I was immediately put in mind of Hardy’s novel A Pair of Blue Eyes, which I had read only a few weeks previously. Like Elfride Swancourt’s, this land-girl’s eyes were “a sublimation of her.” They were “a misty and shady blue, that had no beginning or surface . . . looked into rather than at.” Those eyes also had a way of making you feel you were the only person in the world when she talked to you.
“Nasty out, isn’t it? I don’t suppose you’ve got five Woodbines for sale, have you?” she asked.
I shook my head. “Sorry,” I said. “We don’t have any cigarettes at all.” It was one of the toughest times we’d had in the war thus far: the Luftwaffe was bombing our cities to ruins; the U-boats were sinking Atlantic convoys at an alarming rate; and the meat ration had just been dropped to only one and tenpence a week. But here she was, bold as brass, a stranger, walking into the shop and without a by-your-leave asking for cigarettes!

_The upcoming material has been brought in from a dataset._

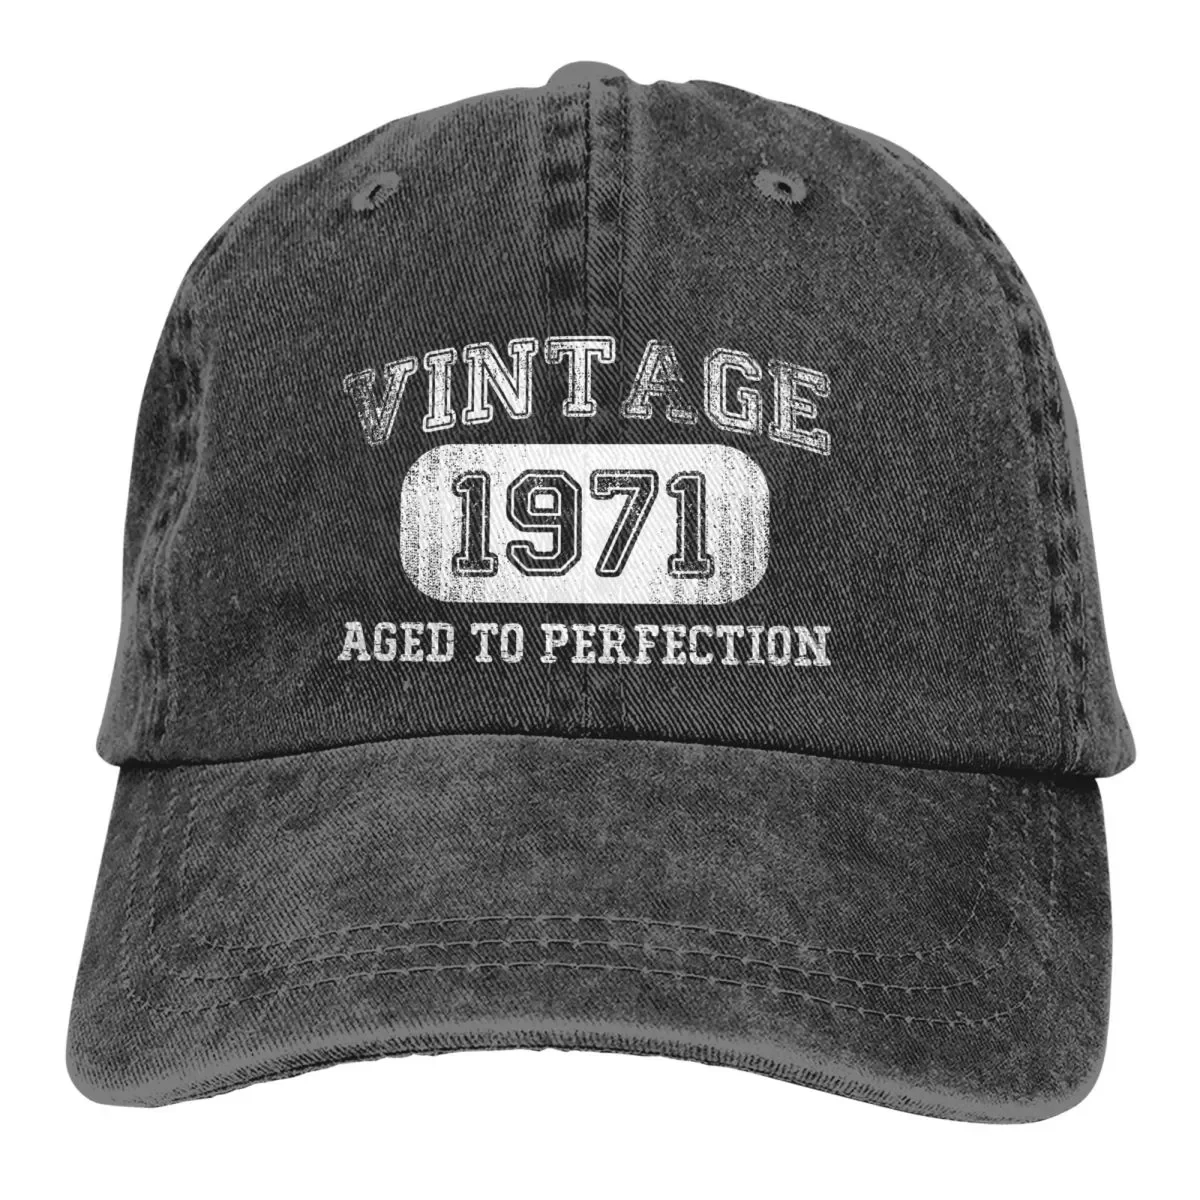 

New Pure Color Dad Hats White Women's Hat Sun Visor Baseball Caps Vintage 1971 Culture Peaked Cap
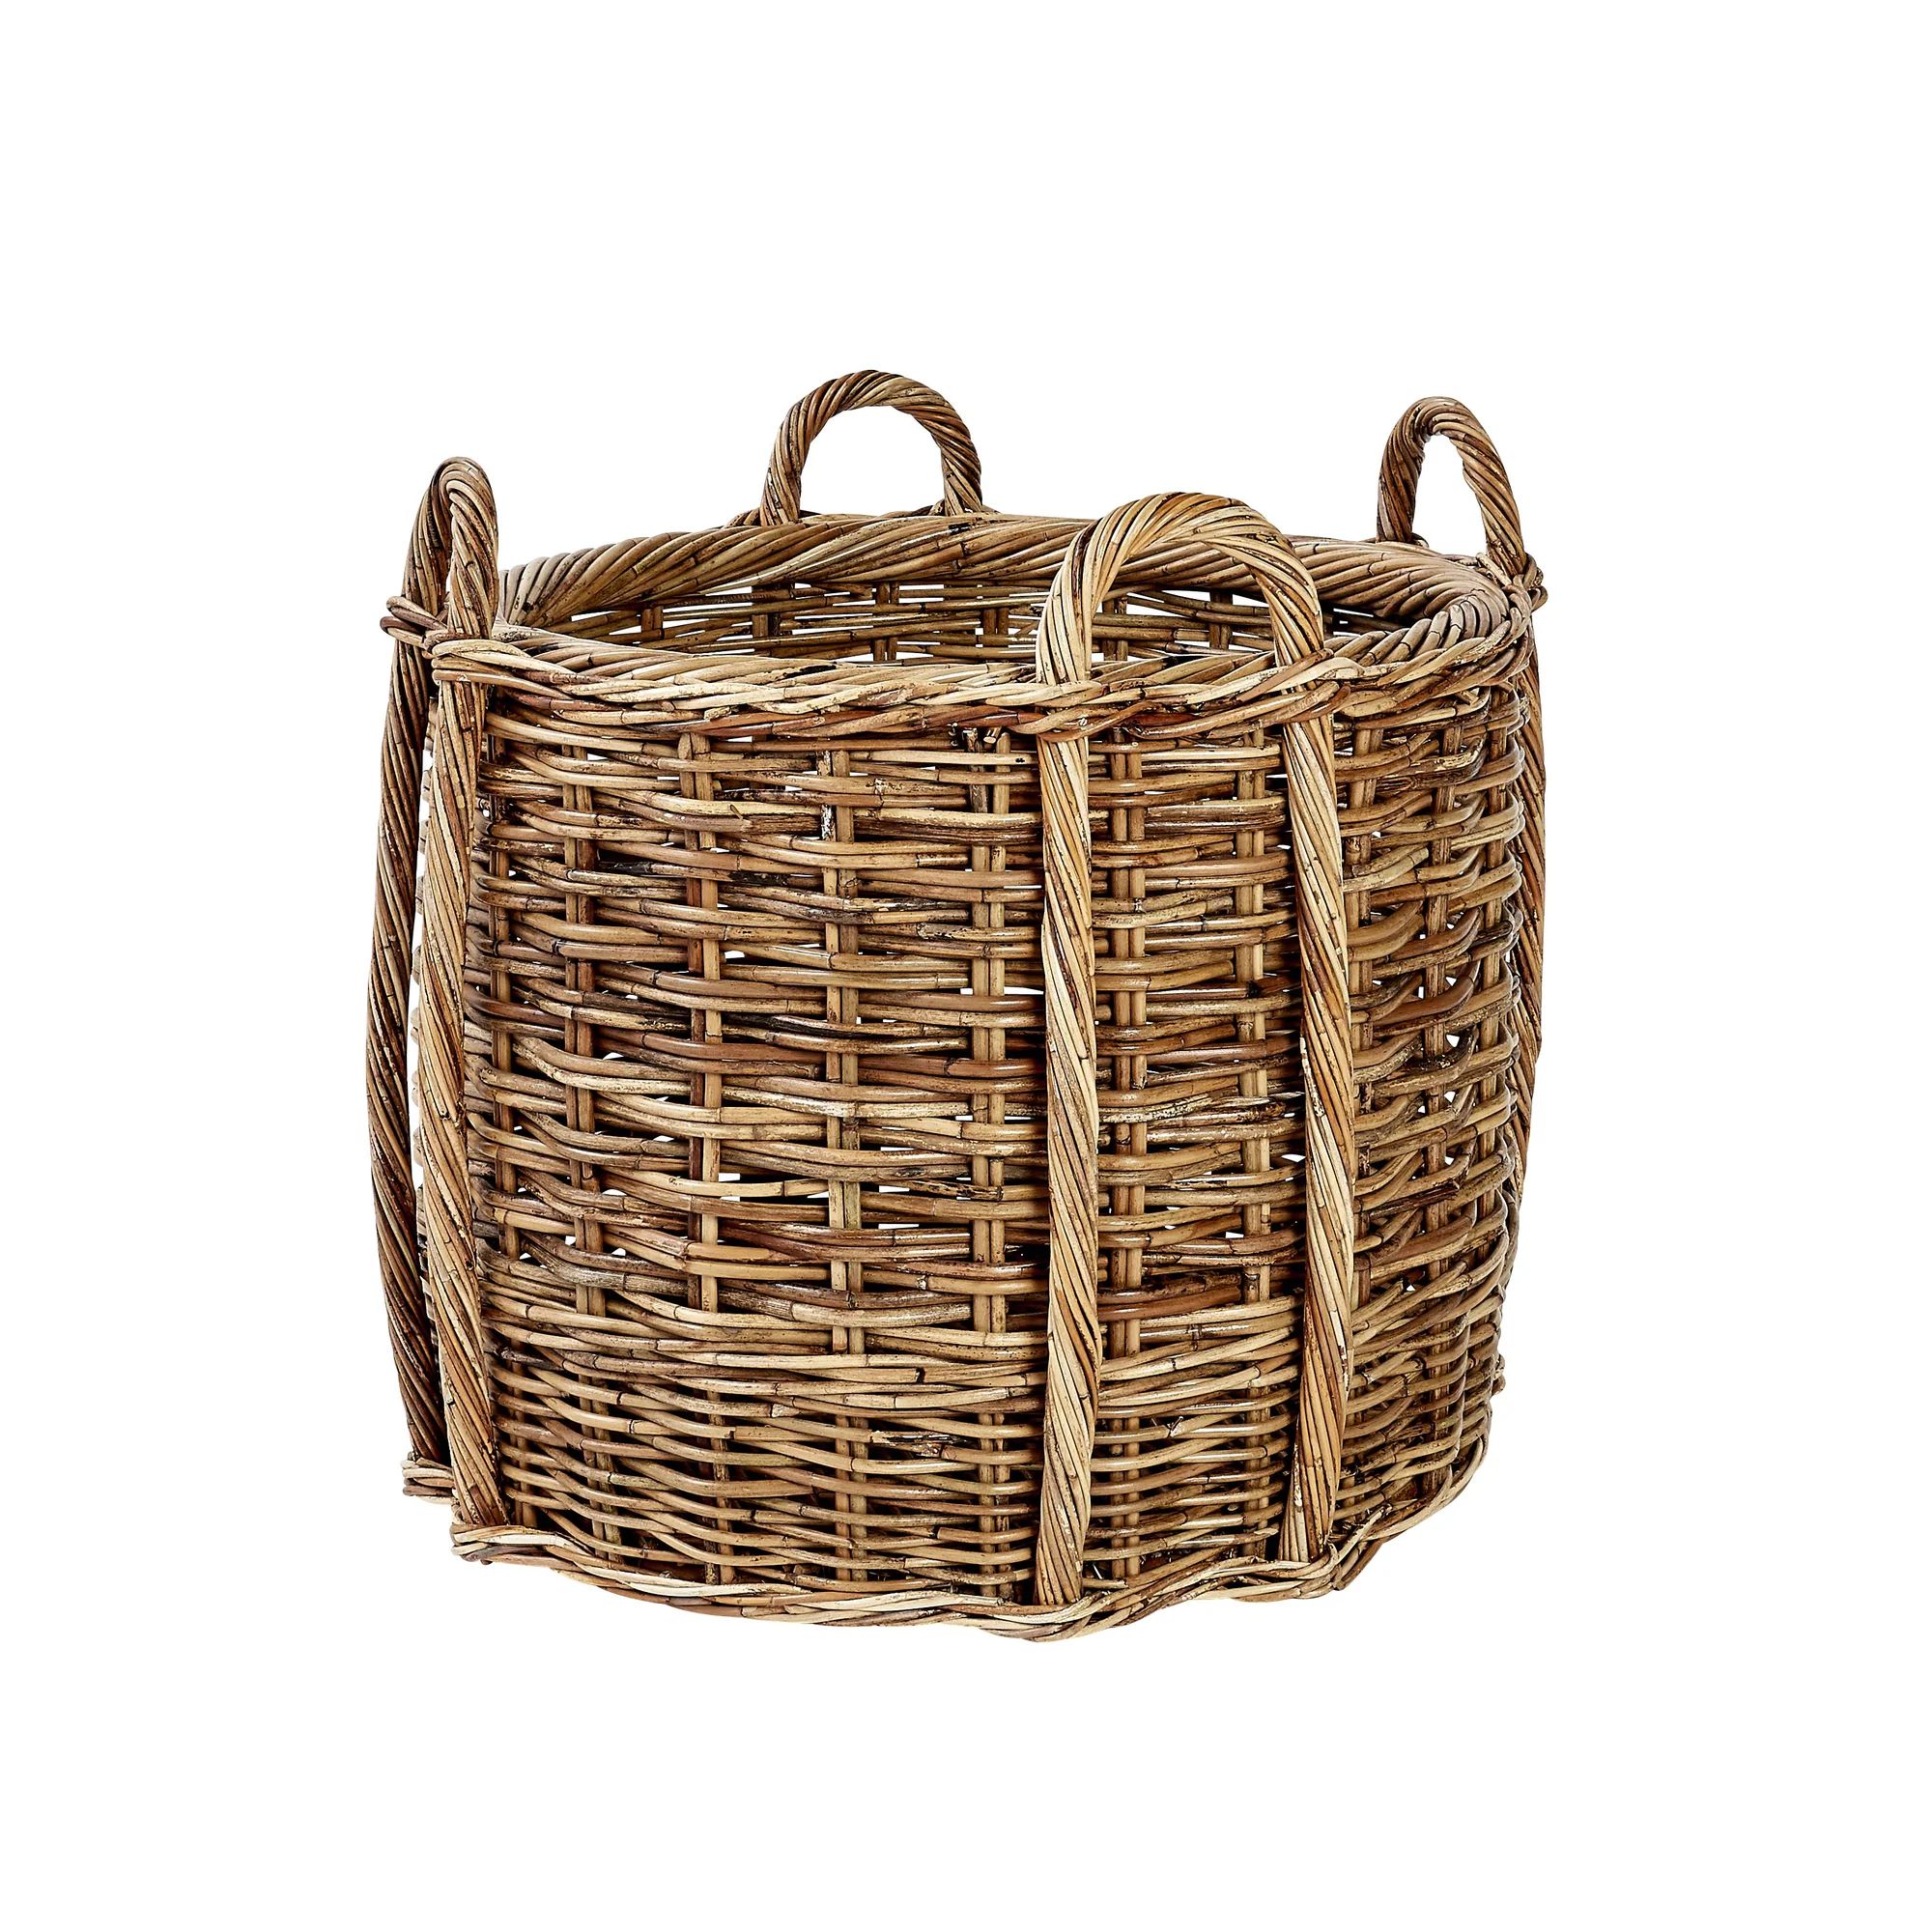 Provencial French Basket | Caitlin Wilson Design

I was lying, of course. We did have cigarettes, but what small supply we had we kept under the counter for our registered customers. We certainly didn’t go selling them to strange and beautiful land-girls with eyes out of Thomas Hardy novels.
I was just on the point of telling her to try fluttering her eyelashes at one of the airmen knocking about the village—holding my tongue never having been my strongest point—when she totally disarmed me with a sequence of reactions.
First she thumped the counter with her little fist and cursed. Then, a moment later, she bit the corner of her lower lip and broke into a bright smile. “I didn’t think you would have,” she said, “but it was worth asking. I ran out the day before yesterday and I’m absolutely gasping for a fag. Oh, well, can’t be helped.”
“Are you the new land-girl at Top Hill Farm?” I asked, curious now, and beginning to feel more than a little guilty about my deceit.
She smiled again. “Word gets around quickly, doesn’t it?” “It’s a small village.”
“So I see. Anyway, that’s me. Gloria Stringer.” Then she held her hand out. I thought it rather an odd gesture for a woman, especially around these parts, but I took it. Her hand was soft and slightly moist like a summer leaf after rain. Mine felt coarse and heavy, wrapped around such a delicate thing. I always was an ungainly and awkward child, but never did I feel this so much as during that first meeting with Gloria. “Gwen Shackleton,” I muttered, more than a trifle embarrassed. “Pleased to meet you.”
Gloria rested her hand palm down on the counter, cocked one hip forward and looked around. “Not a lot to do around here, is there?” she said.
I smiled. “Not a lot.” I knew what she meant, of course, but it still struck me as an odd, even insensitive, thing to say. I got up at six o’clock every morning to run the shop, and on top of that I spent one night a week fire-watching—a bit of a joke around these parts until the Spinner’s Inn was burned down by a stray incendiary bomb in February and two people were killed. I also helped with the local Women’s Voluntary Service. Most days, after the nine o’clock news, I was exhausted and ready to fall asleep the minute my head hit the pillow.
I had heard how hard a land-girl’s job was, of course, but to judge by her appearance, especially those soft hands, you would swear that Gloria Stringer had never done a day’s hard physical labour in her life. My first thought was an uncharitable one. Knowing farmer Kilnsey’s wandering eyes, I thought that, perhaps, when his wife wasn’t around, he was teaching Gloria a new way of ploughing the furrow. Though I wasn’t quite sure what that meant, being only sixteen at the time, I had heard more than one or two farmers use the phrase when they thought I was out of earshot.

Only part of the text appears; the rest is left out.